“Oh my God, I was looking at an apartment in this building to rent just two weeks ago!” exclaimed Bonnie Brooks, upon seeing a complex in Jerusalem’s Abu Tor neighborhood with a shattered front entrance and the remnants of a firebombed car parked in front.
“You couldn’t pay me to live here now.”
As police surveyed the destruction and questioned suspects on Sunday afternoon, Brooks, who has lived in the mixed Jewish, Arab and Christian neighborhood for the last three years, said such a spectacle has become increasingly commonplace over the last three weeks.
Every night, since the kidnapping and murder of Mohammed Abu Khdeir on July 2, Brooks said, rioting or random violence has plagued the normally picturesque community known as a model for Jewish and Arab coexistence.
“They come out late at night, usually after 1:30 a.m., and shoot bullets into the air, throw Molotov cocktails at cars and rocks at homes, and it’s sad because there are very good people here,” she said.
“And look, you see how beautiful it is?” Indeed, with sweeping views of Jerusalem amid a mosaic of colorful flora, Abu Tor at first glance can appear to be a haven far removed from the deterioration that has defined many other Arab neighborhoods within the capital.
However, scattered rocks on the street and sidewalks thrown at homes late at night by groups of young Arab vandals, compounded by the remains of firebombs and shattered glass, have created the visage of a borderline war zone in small swaths of the community.
Brooks, who made aliya from Connecticut five years ago with her husband, legendary bassist Harvey Brooks, who has performed and recorded with Bob Dylan and Jimi Hendrix, lives in a building only a few hundred meters away from the latest destruction.
“Arabs and Jews normally live peacefully here, but it’s not the way it should be, because when push comes to shove it becomes tribal,” she said.
“At night I tell Harvey: ‘Don’t stand next to the windows,’ and ‘If we have to, we’ll move the bed into the hallway.’” While the Brookses live in relative safety off Hebron Road, a main artery cutting through Jerusalem, their friend Joe Korson, a married father of two girls, is not as fortunate.
“My apartment has been a target since I’ve moved here,” said Korson – who lives deeper within the community – while seated in the Brookses’ living room. “My car’s windows have been shattered four times, the tires slashed, and stones are regularly thrown at my apartment.
My second week here we had a firebomb thrown into our garden, which created a flood in the house.”
He continued: “I had a neighbor who couldn’t handle it anymore, had a nervous breakdown and moved out.”
Korson, who initiated a neighborhood watch several weeks ago, said the violence has swelled considerably since the Abu Khdeir murder, rioting in the West Bank and east Jerusalem, and the war in Gaza.

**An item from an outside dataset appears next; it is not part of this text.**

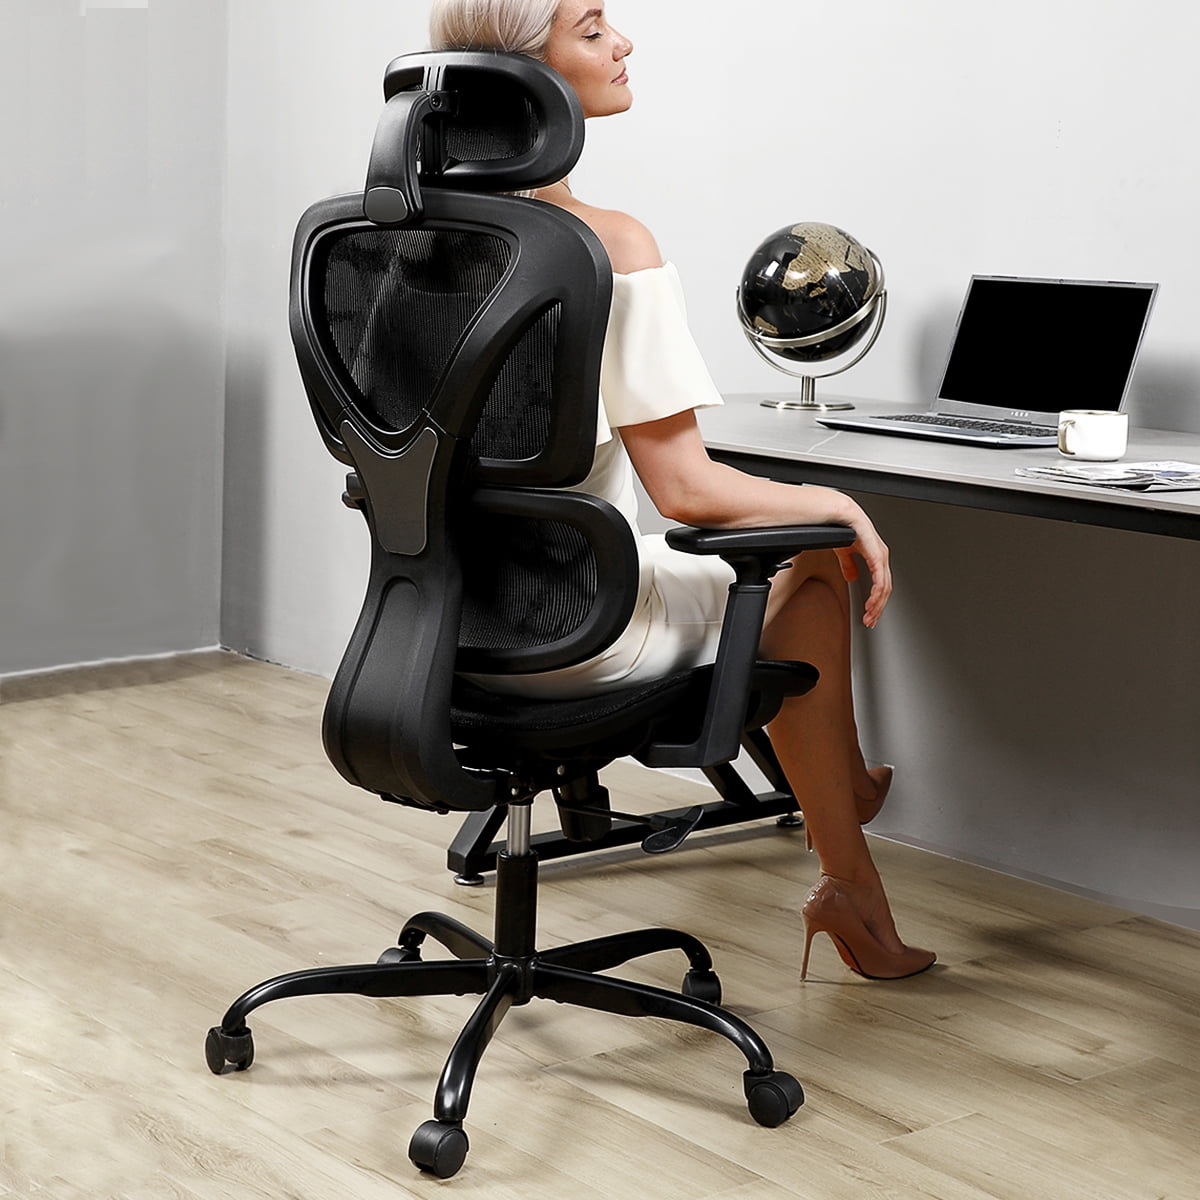 Ergonomic Office Chair, High Back Adjustable Computer Desk Chair with Lumbar Support, 300lb, Black-C, Size: 27.9 Large x 25.2 W x 46.1-52.2 H
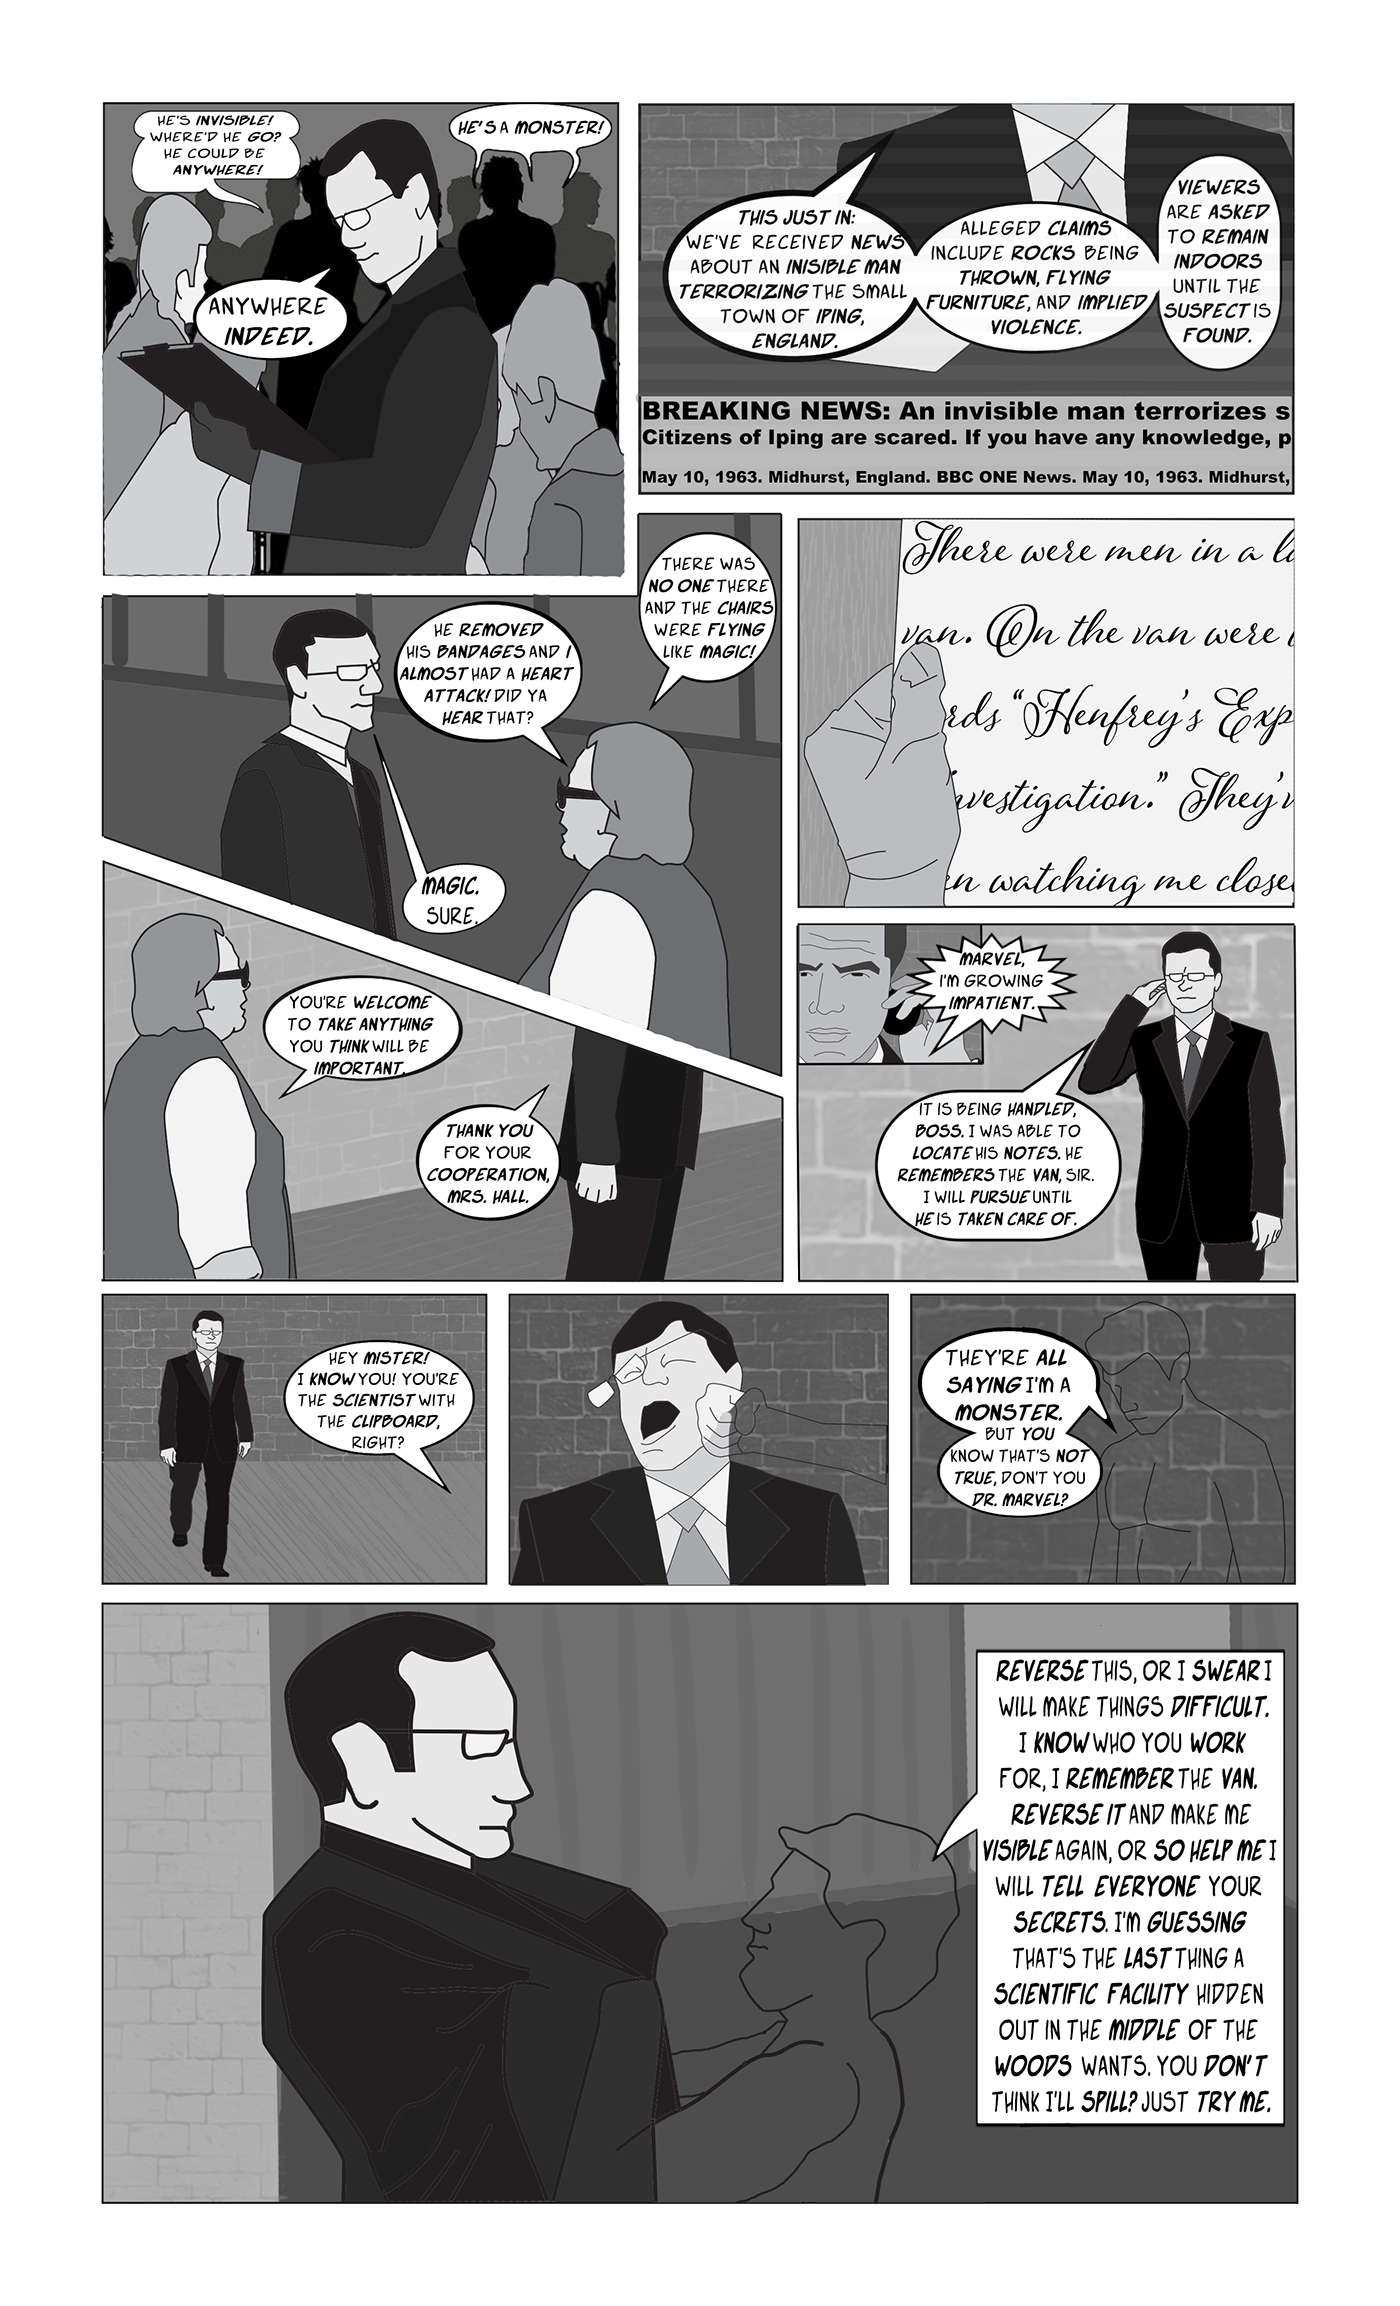 twilight zone Rod Serling The Invisible Man H.G. Wells short story Adaptation comic ILLUSTRATION

“Usually it’s quiet until 11:30 p.m.,” he said. “Then, first you hear the gunshots and fireworks, then the dumpsters being moved to block the street, which are then set on fire, then the shouting of ‘Allah Akbar,’ and then rocks and Molotov cocktails being thrown.”
“We hear the bullets and small explosions from the firecrackers every night,” added Harvey. “I think there is a wave of violence in the Arab community being fueled by the West Bank and Gaza simultaneously.
Everybody usually tolerates each other, but it’s like a temperature gauge; and when the temperature goes up, things get bad.”
All three said the relative calm during the daytime belies an increasingly violent nightly reality, hitting ever closer to home.
“They [young Arabs] get drunk in the local park, have a party, then torch a car,” said Korson. “They set fires, tear up the grass in landscaped areas, destroy street lighting and even park benches.”
Asked about the police response to the nightly attacks and vandalism, the residents said their response time continues to be prompt.
“The police have been great,” said Korson. “Generally, they’re here within minutes. Also, there are undercover guys during the day.”
Nonetheless, Harvey said the collective stress level of Jewish residents has reached an all-time high.
“Every noise is a cause for concern now,” he said. “We feel safe because we’re on Hebron Road, but down the street it’s different.”
Indeed, Korson, who lives in the crosshairs of the violence, said he has been forced to fortify his home, and has even prepared an evacuation plan for his wife and 12- and 14-year-old daughters.
“I keep a baseball bat by the door and weapons hidden throughout the house, and have a tent on the balcony to protect us from the rocks,” he said. “My wife and kids know the escape plan.”
Reached for comment about the escalating violence, police spokesman Micky Rosenfeld acknowledged the problem, adding that extra units have been assigned to the beleaguered neighborhood.
“Throughout the last three weeks police have mobilized units in Abu Tor and other Arab neighborhoods to prevent and respond to any disturbances, and protect the residents of these communities,” he said. “And we will continue to do so.”
Asked if they considered moving out of Abu Tor, Korson and the Brookses were unequivocal in their determination to stay.
“If we go and are afraid, we are basically saying ‘Here, take it,’” said Bonnie. “For us, that’s not an option.”